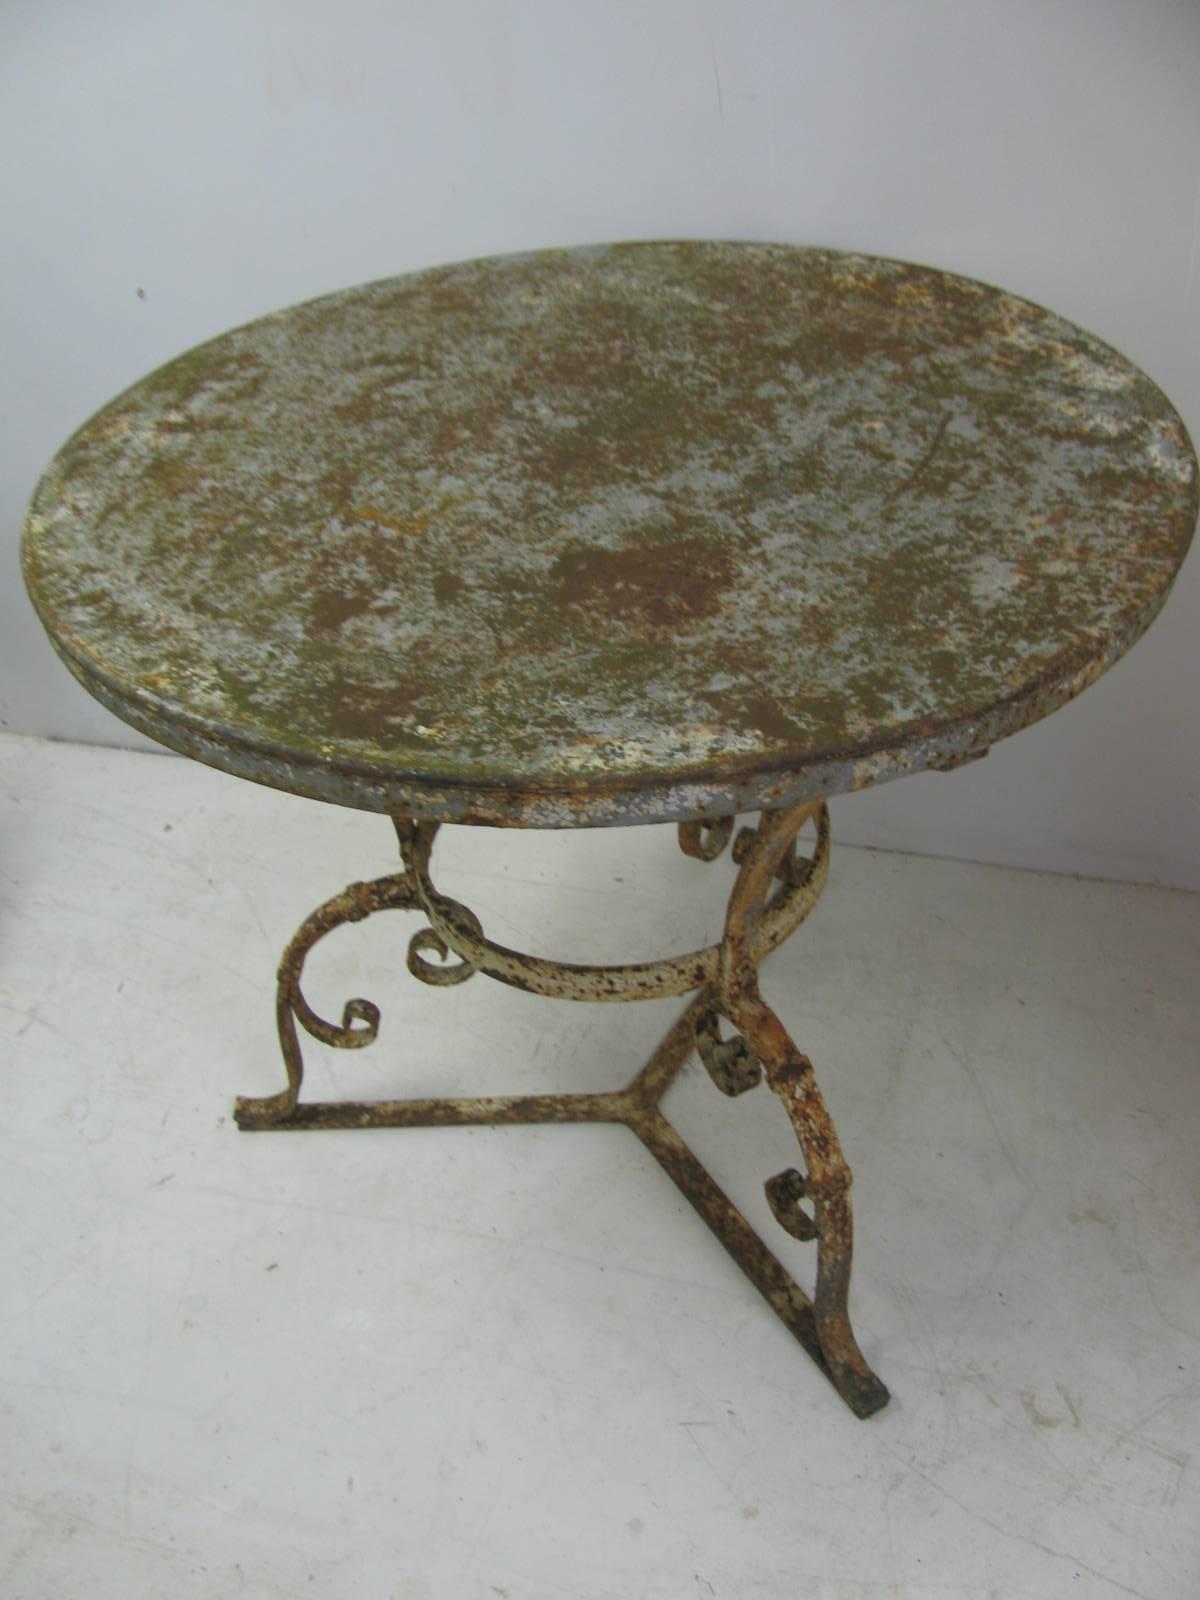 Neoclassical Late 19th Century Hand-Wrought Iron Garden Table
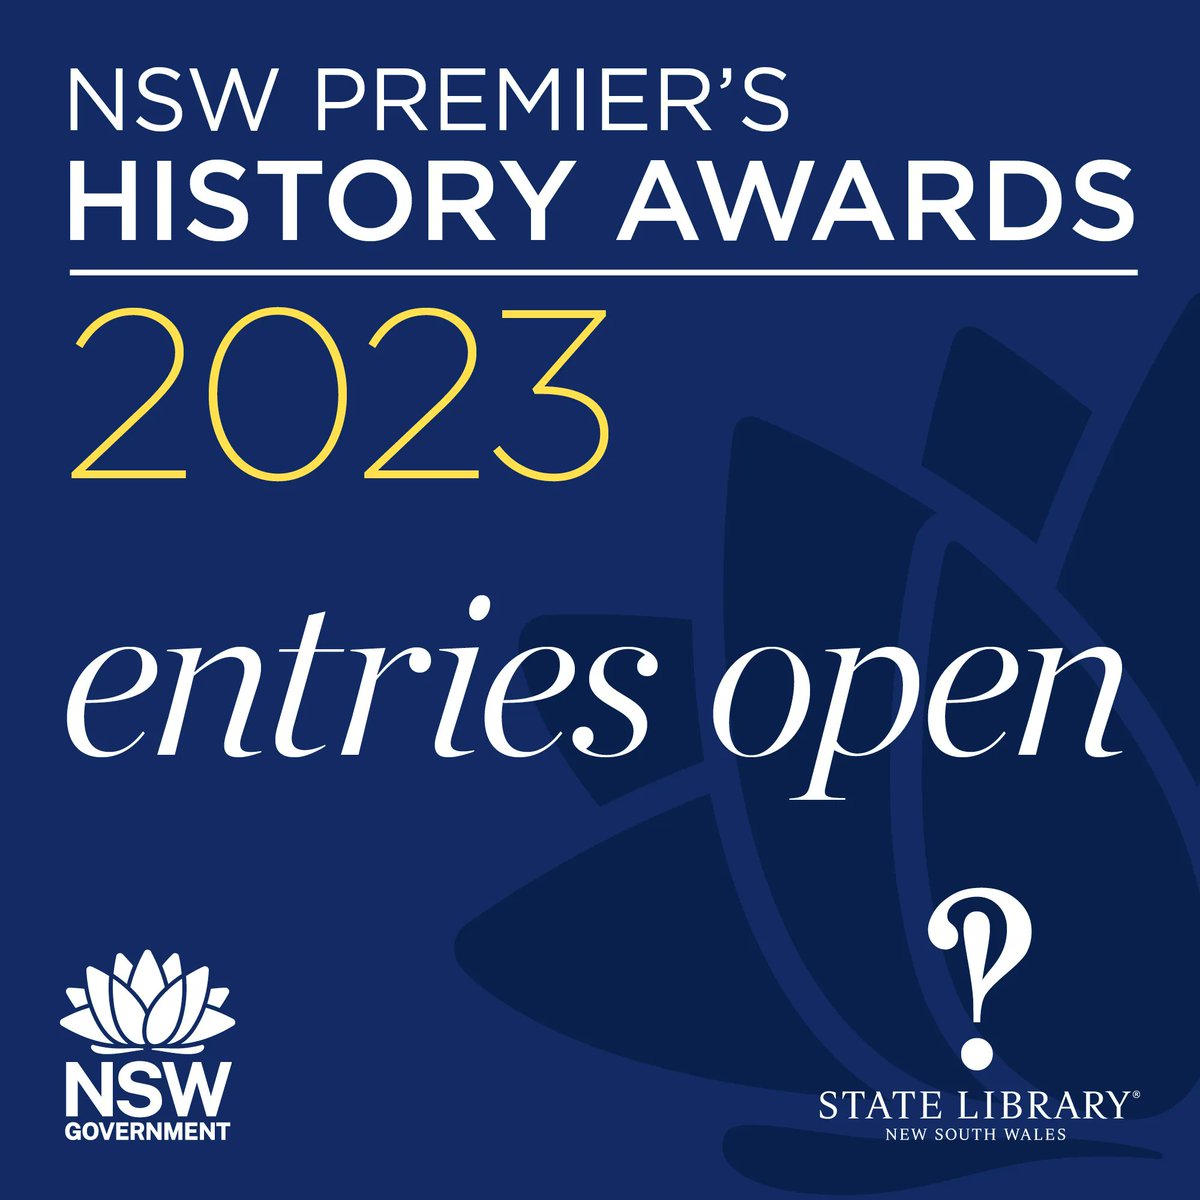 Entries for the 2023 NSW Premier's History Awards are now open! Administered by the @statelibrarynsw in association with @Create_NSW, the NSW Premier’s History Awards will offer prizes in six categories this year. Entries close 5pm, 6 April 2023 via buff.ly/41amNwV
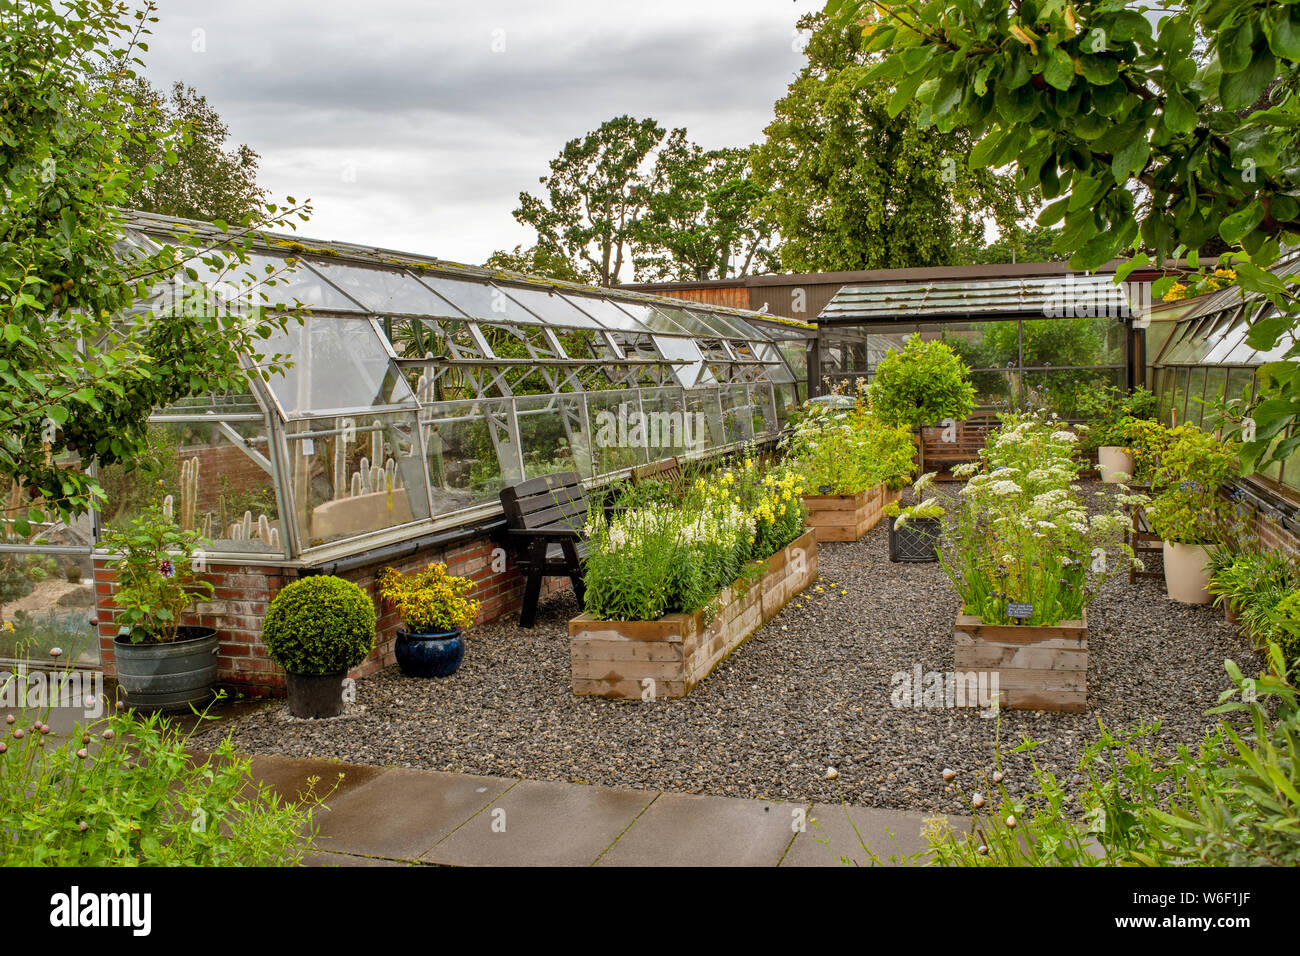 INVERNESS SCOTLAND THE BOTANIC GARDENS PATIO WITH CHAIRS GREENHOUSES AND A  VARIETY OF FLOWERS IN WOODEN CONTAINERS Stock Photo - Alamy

▬▬▬▬▬▬

### Problem:
What you give back must match the material above exactly, minus its pictures.

### Task output:
 Neoclassical Late 19th Century Hand-Wrought Iron Garden Table
 Entries for the 2023 NSW Premier's History Awards are now open! Administered by the @statelibrarynsw in association with @Create_NSW, the NSW Premier’s History Awards will offer prizes in six categories this year. Entries close 5pm, 6 April 2023 via buff.ly/41amNwV
 INVERNESS SCOTLAND THE BOTANIC GARDENS PATIO WITH CHAIRS GREENHOUSES AND A  VARIETY OF FLOWERS IN WOODEN CONTAINERS Stock Photo - Alamy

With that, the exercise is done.